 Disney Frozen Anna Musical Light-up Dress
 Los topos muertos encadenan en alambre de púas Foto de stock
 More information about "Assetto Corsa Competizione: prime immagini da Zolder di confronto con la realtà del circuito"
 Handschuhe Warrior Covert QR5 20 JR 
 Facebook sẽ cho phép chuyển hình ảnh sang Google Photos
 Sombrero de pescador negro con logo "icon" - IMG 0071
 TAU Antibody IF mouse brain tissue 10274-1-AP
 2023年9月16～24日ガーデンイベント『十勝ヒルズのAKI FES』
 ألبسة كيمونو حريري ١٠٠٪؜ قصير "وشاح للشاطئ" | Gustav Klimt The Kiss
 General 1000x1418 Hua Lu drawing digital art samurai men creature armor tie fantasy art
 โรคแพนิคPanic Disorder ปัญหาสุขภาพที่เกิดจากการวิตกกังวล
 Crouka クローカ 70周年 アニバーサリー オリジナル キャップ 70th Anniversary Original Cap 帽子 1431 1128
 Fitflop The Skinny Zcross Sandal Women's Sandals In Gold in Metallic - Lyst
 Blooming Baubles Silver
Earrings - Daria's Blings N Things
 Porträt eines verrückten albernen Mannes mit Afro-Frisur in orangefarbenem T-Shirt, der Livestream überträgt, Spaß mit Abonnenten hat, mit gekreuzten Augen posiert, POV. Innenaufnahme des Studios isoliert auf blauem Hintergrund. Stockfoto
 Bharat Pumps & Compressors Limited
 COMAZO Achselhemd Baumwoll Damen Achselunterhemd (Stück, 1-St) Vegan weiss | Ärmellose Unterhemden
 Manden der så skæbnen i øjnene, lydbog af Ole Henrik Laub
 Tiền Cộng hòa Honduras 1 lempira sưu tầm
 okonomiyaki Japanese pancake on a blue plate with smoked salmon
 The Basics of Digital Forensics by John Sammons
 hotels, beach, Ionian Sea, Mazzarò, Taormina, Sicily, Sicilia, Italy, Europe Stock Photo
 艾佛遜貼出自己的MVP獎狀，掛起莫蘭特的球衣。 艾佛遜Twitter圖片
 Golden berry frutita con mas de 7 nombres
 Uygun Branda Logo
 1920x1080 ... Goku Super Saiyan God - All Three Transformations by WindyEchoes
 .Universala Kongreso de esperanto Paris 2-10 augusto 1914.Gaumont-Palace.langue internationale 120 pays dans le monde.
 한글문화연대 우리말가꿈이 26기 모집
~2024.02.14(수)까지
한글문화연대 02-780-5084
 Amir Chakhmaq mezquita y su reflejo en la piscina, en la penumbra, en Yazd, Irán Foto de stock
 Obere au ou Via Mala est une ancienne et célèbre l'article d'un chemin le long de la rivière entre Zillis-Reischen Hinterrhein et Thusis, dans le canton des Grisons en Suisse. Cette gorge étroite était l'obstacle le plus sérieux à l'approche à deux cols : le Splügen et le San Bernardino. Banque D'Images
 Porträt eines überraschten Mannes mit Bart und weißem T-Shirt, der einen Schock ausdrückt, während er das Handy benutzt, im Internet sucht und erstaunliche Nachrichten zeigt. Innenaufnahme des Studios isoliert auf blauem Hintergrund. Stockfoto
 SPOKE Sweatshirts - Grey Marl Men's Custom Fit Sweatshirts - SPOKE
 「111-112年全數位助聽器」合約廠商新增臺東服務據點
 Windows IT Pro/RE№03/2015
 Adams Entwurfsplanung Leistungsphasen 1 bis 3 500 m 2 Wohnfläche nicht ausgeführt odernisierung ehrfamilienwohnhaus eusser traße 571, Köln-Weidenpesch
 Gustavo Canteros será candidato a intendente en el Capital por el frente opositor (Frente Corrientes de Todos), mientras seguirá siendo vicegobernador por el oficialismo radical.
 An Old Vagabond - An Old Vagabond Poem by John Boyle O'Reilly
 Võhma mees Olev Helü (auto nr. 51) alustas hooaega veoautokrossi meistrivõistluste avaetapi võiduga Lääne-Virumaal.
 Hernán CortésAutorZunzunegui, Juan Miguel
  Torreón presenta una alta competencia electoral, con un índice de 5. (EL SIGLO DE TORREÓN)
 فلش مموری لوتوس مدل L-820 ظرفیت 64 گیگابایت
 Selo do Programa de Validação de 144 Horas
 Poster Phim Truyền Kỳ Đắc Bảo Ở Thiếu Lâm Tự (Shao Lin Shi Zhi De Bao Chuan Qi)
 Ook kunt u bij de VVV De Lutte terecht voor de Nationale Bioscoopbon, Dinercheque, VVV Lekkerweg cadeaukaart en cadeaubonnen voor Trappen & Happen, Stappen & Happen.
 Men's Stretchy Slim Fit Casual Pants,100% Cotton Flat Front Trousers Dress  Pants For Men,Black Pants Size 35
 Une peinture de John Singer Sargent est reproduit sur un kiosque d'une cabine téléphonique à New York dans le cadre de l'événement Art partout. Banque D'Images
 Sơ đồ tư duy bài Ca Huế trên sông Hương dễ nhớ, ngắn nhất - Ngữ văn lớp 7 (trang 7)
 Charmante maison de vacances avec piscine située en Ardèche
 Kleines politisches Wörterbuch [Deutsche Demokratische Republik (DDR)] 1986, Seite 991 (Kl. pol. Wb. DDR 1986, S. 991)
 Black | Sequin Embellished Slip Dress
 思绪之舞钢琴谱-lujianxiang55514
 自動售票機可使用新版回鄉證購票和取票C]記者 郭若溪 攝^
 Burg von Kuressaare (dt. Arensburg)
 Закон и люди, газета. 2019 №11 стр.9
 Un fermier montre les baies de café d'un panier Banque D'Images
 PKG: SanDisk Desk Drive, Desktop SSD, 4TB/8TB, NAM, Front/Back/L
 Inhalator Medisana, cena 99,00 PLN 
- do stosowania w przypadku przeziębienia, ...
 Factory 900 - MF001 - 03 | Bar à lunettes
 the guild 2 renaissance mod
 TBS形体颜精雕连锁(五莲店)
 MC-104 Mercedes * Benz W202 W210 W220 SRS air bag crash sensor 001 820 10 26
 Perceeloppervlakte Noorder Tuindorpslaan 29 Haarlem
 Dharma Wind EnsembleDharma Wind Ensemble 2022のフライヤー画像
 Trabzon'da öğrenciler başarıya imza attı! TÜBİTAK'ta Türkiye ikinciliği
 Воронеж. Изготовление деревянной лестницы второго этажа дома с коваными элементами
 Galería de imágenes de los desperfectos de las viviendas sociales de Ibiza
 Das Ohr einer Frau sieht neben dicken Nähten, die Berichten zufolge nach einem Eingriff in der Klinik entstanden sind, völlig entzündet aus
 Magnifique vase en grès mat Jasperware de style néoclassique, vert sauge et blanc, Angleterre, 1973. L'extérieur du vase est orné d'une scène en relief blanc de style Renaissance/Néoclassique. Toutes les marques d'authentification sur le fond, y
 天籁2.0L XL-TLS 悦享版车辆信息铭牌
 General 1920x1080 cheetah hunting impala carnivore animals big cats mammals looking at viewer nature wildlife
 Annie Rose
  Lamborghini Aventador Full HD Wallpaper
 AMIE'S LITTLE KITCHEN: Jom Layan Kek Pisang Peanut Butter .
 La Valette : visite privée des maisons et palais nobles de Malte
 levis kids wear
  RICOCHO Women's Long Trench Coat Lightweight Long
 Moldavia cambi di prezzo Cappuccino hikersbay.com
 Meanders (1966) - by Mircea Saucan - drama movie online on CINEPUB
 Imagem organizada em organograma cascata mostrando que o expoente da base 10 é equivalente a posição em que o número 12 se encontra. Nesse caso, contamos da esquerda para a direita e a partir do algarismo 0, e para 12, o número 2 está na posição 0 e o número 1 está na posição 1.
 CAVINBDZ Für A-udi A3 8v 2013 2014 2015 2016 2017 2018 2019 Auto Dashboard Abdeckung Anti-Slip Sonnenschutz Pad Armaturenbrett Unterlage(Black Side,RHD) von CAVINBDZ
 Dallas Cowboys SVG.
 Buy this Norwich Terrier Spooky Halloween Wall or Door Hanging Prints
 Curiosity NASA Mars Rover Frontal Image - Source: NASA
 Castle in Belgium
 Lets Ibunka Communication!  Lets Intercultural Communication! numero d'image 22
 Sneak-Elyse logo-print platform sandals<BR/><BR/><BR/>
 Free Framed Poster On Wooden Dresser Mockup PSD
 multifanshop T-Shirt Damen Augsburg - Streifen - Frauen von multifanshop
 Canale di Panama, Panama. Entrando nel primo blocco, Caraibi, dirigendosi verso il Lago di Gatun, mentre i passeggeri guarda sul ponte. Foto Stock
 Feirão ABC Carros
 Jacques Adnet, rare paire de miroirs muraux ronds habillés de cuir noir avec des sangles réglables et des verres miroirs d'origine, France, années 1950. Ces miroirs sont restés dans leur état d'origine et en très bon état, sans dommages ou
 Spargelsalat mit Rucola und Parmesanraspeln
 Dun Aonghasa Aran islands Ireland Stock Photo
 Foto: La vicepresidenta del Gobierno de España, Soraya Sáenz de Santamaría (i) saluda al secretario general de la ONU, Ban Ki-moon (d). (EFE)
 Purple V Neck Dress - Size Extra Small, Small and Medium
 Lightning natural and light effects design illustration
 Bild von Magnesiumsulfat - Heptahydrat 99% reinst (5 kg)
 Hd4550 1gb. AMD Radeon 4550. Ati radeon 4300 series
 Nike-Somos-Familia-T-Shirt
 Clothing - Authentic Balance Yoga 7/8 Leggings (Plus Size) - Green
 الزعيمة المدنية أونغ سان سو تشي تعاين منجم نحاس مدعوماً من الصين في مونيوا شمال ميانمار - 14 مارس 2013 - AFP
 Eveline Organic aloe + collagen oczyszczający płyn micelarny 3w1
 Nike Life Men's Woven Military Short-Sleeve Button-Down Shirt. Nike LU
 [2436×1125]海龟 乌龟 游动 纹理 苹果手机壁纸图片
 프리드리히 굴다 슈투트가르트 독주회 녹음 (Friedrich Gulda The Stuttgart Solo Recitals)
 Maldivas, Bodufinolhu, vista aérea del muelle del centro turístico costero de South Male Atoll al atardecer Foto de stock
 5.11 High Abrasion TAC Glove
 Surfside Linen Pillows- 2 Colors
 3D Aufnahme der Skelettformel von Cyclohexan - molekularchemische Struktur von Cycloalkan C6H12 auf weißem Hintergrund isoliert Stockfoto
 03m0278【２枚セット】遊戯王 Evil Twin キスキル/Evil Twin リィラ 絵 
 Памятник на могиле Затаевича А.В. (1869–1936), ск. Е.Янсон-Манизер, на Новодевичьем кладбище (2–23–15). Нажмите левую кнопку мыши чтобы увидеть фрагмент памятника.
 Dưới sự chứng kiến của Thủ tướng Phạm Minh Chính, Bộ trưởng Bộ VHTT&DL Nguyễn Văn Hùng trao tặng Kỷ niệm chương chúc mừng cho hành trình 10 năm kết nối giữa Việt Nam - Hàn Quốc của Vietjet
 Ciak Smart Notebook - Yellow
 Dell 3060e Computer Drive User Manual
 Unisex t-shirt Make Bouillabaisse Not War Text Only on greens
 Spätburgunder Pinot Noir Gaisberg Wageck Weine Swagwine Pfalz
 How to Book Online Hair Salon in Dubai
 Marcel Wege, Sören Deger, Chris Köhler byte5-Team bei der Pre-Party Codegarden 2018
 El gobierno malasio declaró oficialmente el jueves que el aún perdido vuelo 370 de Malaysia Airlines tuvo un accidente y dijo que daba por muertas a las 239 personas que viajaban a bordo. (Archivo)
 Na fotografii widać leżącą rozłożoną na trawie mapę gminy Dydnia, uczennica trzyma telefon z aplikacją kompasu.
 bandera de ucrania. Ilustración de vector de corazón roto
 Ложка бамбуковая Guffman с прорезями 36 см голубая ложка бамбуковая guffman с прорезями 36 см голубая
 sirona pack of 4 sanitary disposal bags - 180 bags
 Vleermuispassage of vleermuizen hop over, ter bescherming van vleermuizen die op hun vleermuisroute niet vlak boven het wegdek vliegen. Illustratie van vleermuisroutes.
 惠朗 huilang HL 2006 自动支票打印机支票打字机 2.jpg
──────────────────────────────
# Exercise requirements
Within the material above, output exactly the lines from the one with "Sơ đồ tư duy" through the one with "Das Ohr einer", end lines included, and nothing besides.

# Result of this task
 Sơ đồ tư duy bài Ca Huế trên sông Hương dễ nhớ, ngắn nhất - Ngữ văn lớp 7 (trang 7)
 Charmante maison de vacances avec piscine située en Ardèche
 Kleines politisches Wörterbuch [Deutsche Demokratische Republik (DDR)] 1986, Seite 991 (Kl. pol. Wb. DDR 1986, S. 991)
 Black | Sequin Embellished Slip Dress
 思绪之舞钢琴谱-lujianxiang55514
 自動售票機可使用新版回鄉證購票和取票C]記者 郭若溪 攝^
 Burg von Kuressaare (dt. Arensburg)
 Закон и люди, газета. 2019 №11 стр.9
 Un fermier montre les baies de café d'un panier Banque D'Images
 PKG: SanDisk Desk Drive, Desktop SSD, 4TB/8TB, NAM, Front/Back/L
 Inhalator Medisana, cena 99,00 PLN 
- do stosowania w przypadku przeziębienia, ...
 Factory 900 - MF001 - 03 | Bar à lunettes
 the guild 2 renaissance mod
 TBS形体颜精雕连锁(五莲店)
 MC-104 Mercedes * Benz W202 W210 W220 SRS air bag crash sensor 001 820 10 26
 Perceeloppervlakte Noorder Tuindorpslaan 29 Haarlem
 Dharma Wind EnsembleDharma Wind Ensemble 2022のフライヤー画像
 Trabzon'da öğrenciler başarıya imza attı! TÜBİTAK'ta Türkiye ikinciliği
 Воронеж. Изготовление деревянной лестницы второго этажа дома с коваными элементами
 Galería de imágenes de los desperfectos de las viviendas sociales de Ibiza
 Das Ohr einer Frau sieht neben dicken Nähten, die Berichten zufolge nach einem Eingriff in der Klinik entstanden sind, völlig entzündet aus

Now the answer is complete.